───── Input data ─────
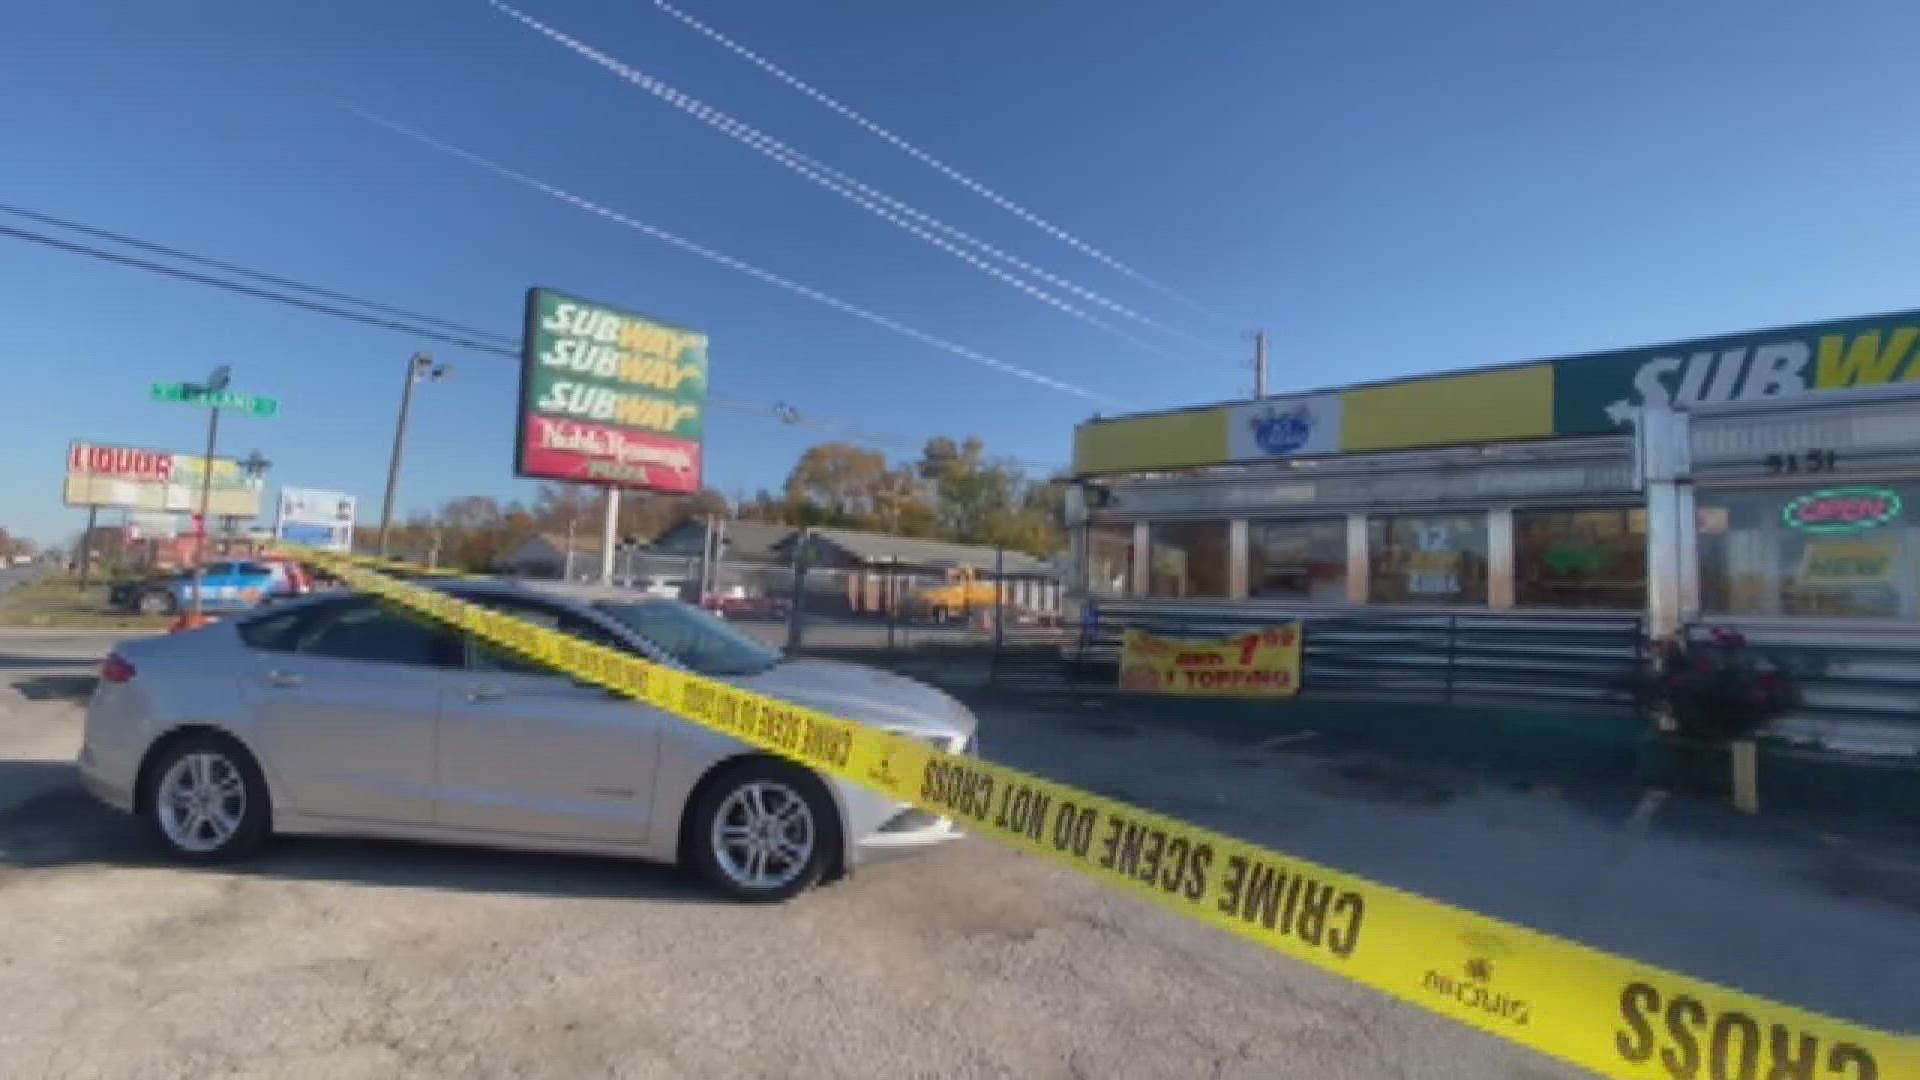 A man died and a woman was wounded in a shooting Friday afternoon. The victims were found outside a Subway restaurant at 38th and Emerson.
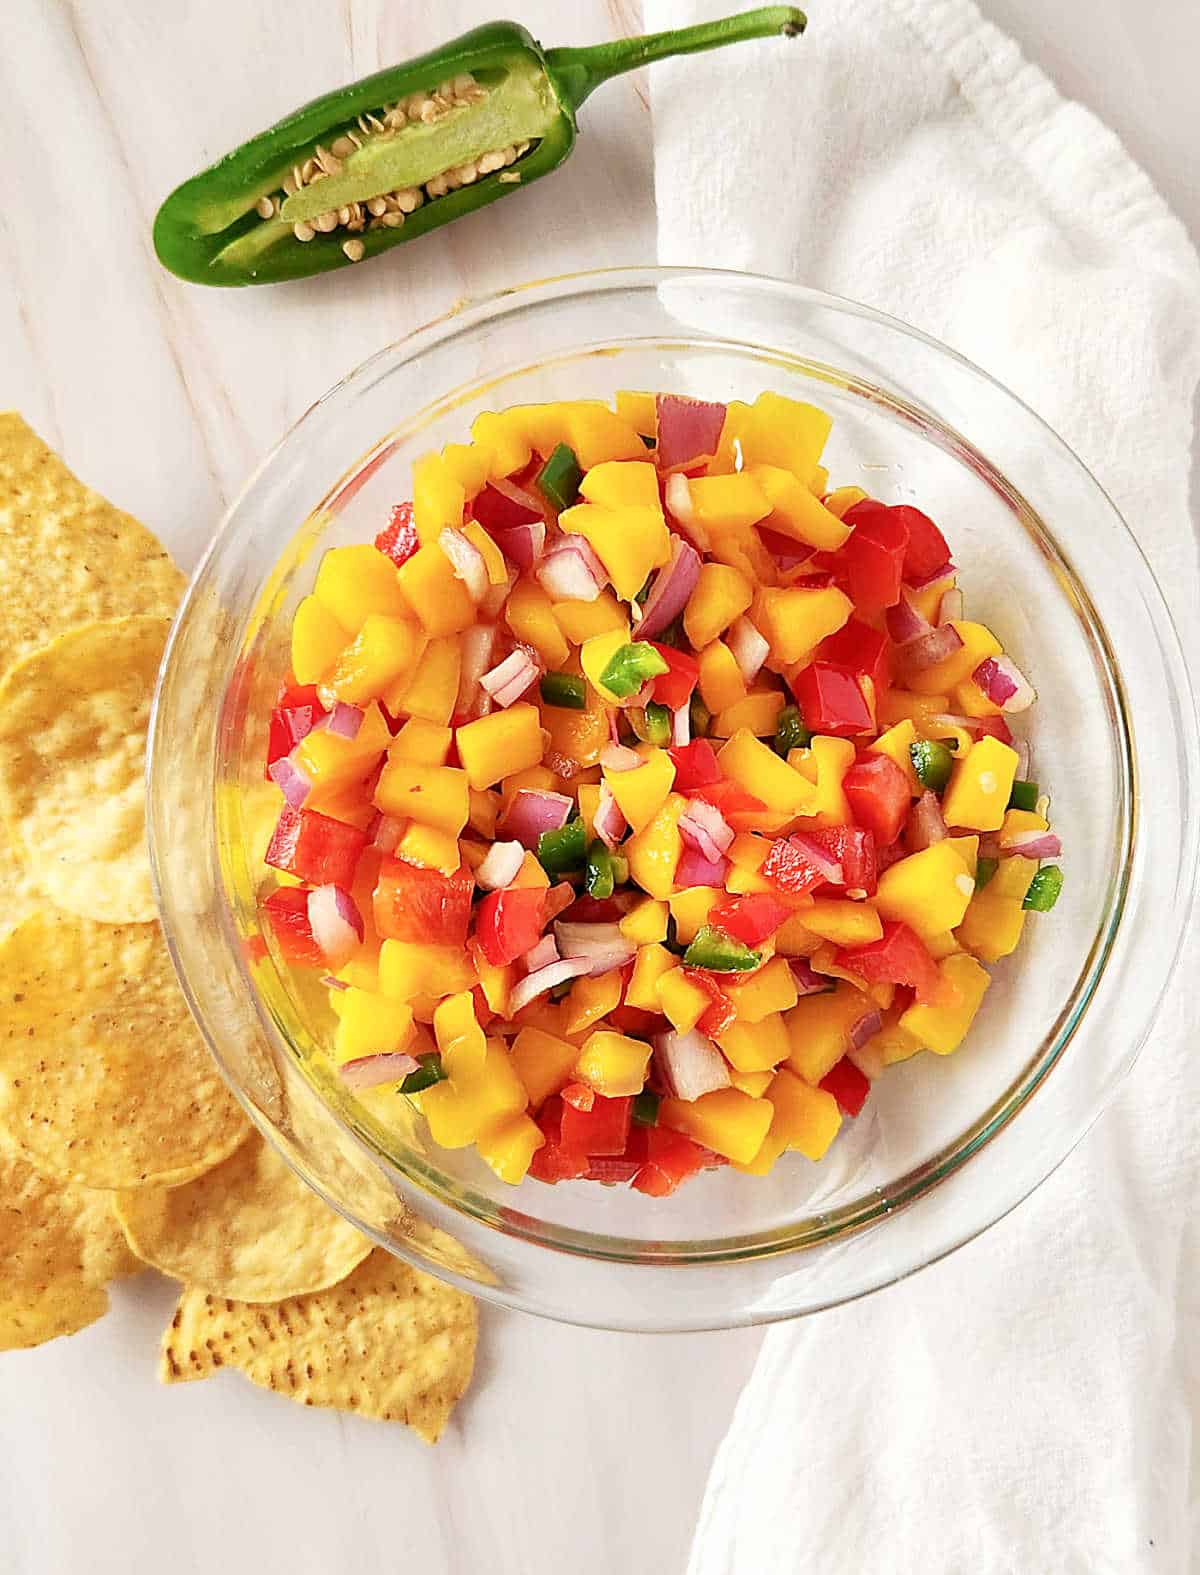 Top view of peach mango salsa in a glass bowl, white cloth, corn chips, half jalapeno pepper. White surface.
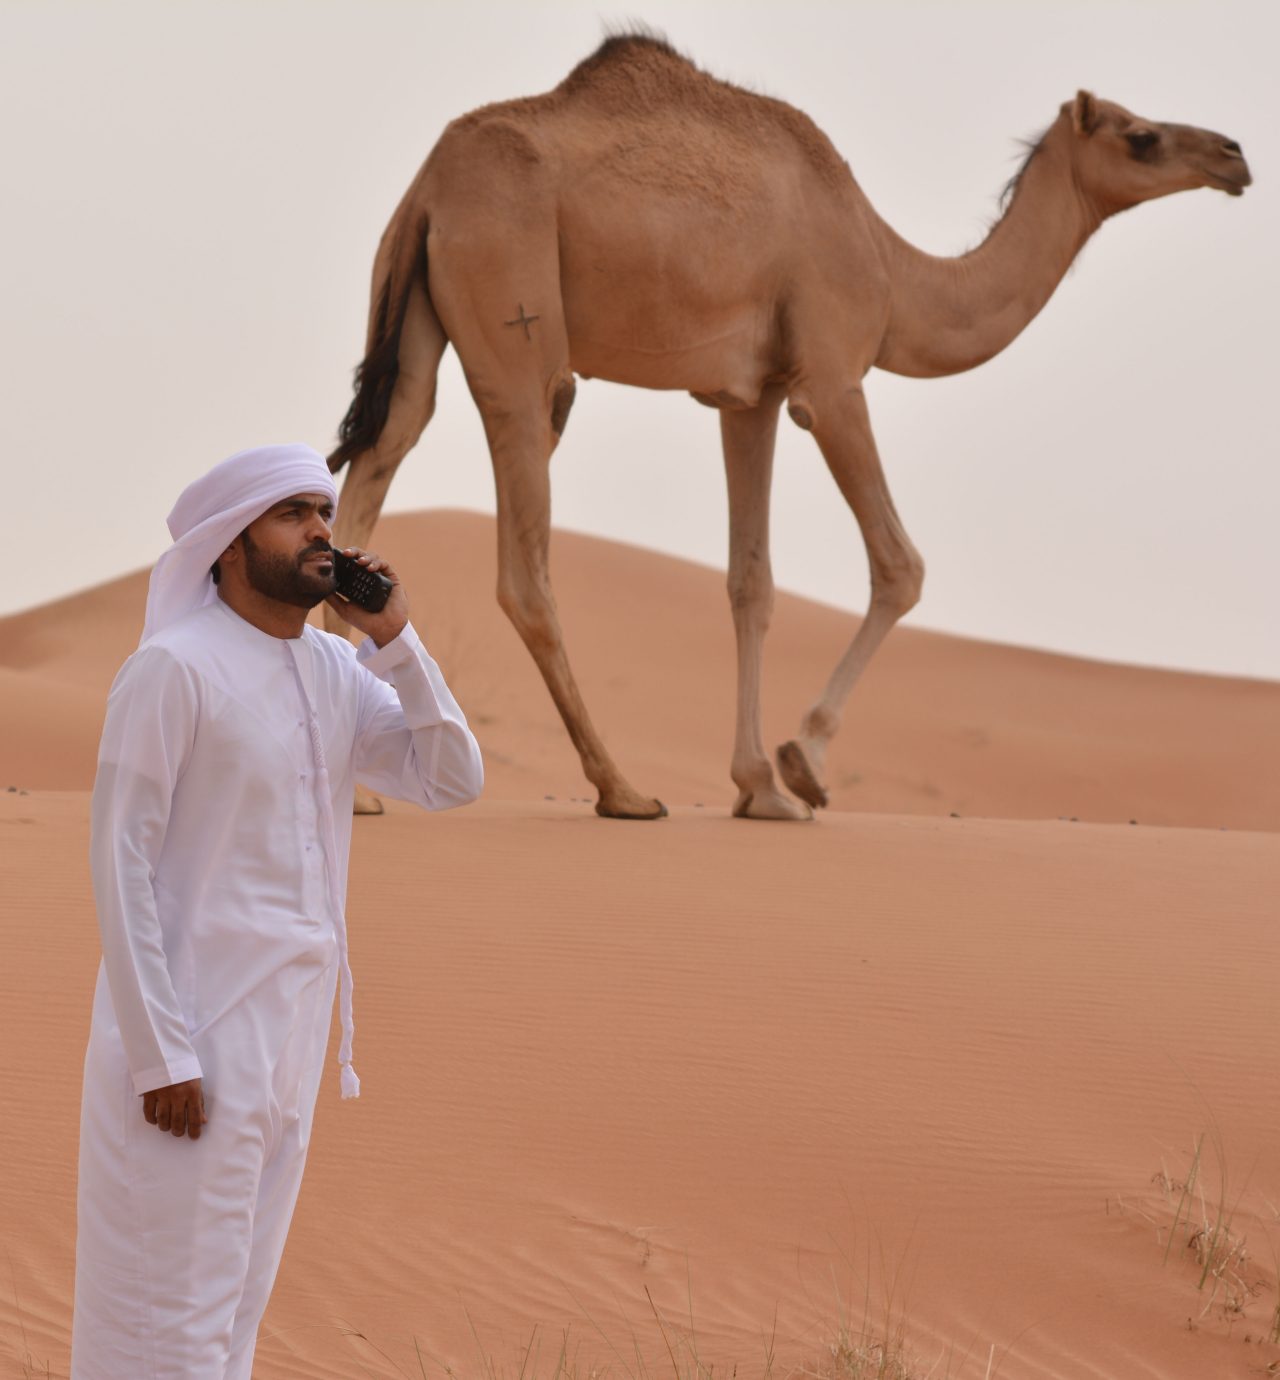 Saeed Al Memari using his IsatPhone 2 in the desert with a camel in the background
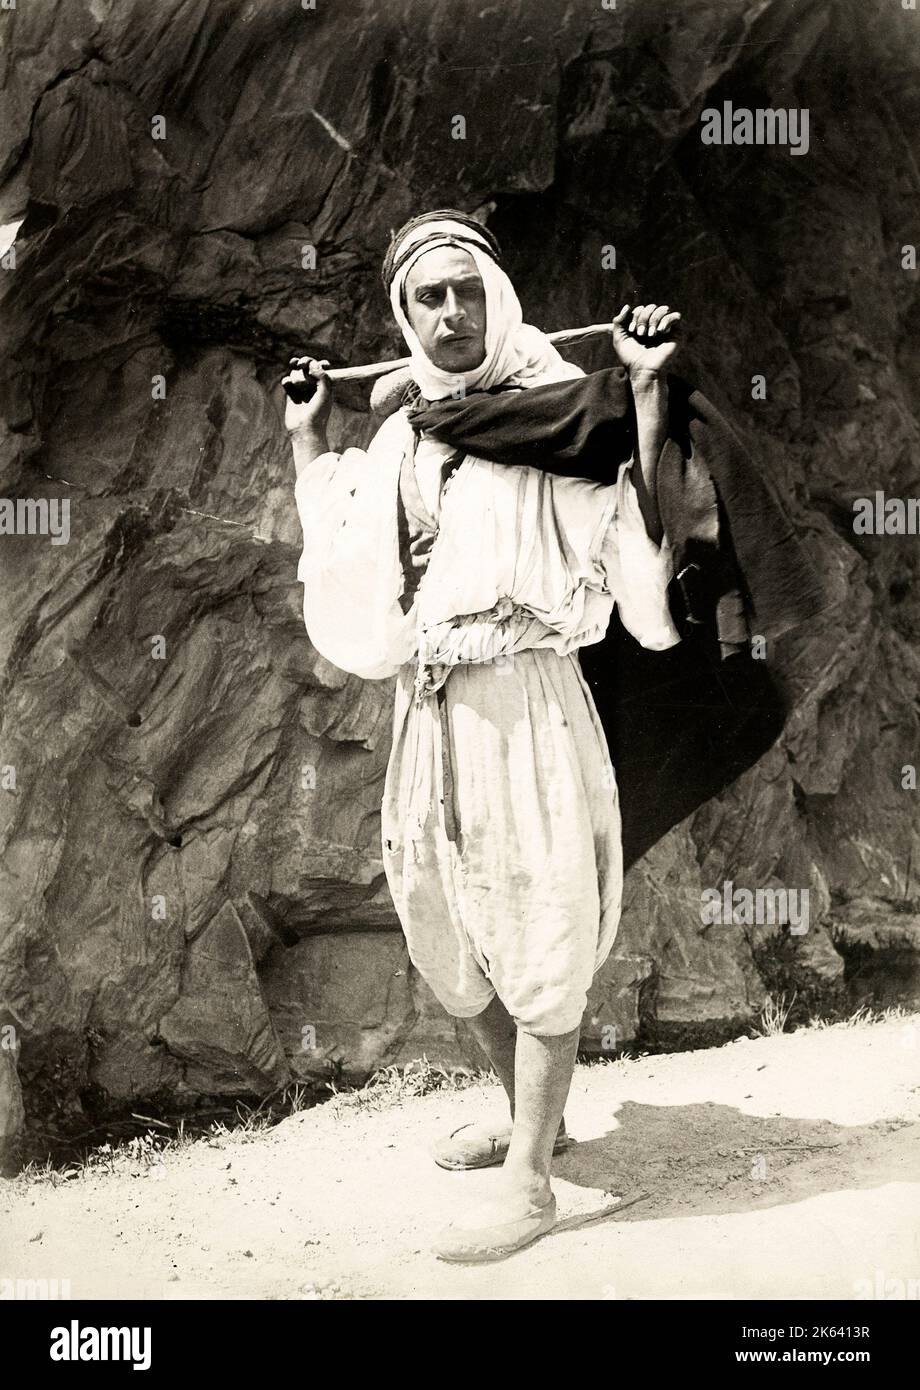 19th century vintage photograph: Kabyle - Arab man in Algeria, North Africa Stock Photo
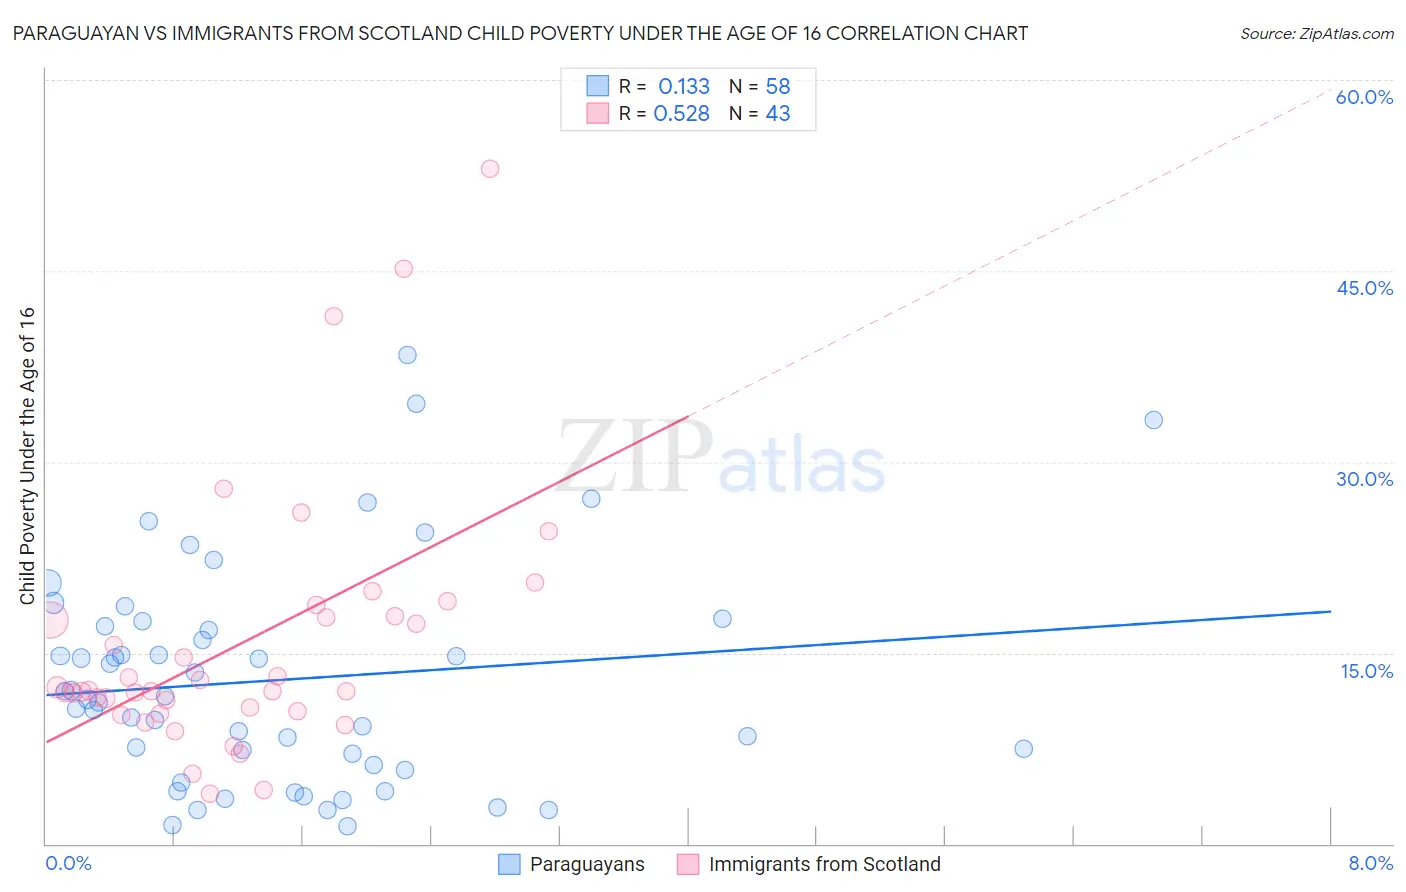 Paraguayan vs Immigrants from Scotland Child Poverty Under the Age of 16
─────
# Instructions for the task
Each record above goes into the copy word for word; the pictures do not.

# Reply to the exercise
 A man died and a woman was wounded in a shooting Friday afternoon. The victims were found outside a Subway restaurant at 38th and Emerson.
 Top view of peach mango salsa in a glass bowl, white cloth, corn chips, half jalapeno pepper. White surface.
 Saeed Al Memari using his IsatPhone 2 in the desert with a camel in the background
 19th century vintage photograph: Kabyle - Arab man in Algeria, North Africa Stock Photo
 Paraguayan vs Immigrants from Scotland Child Poverty Under the Age of 16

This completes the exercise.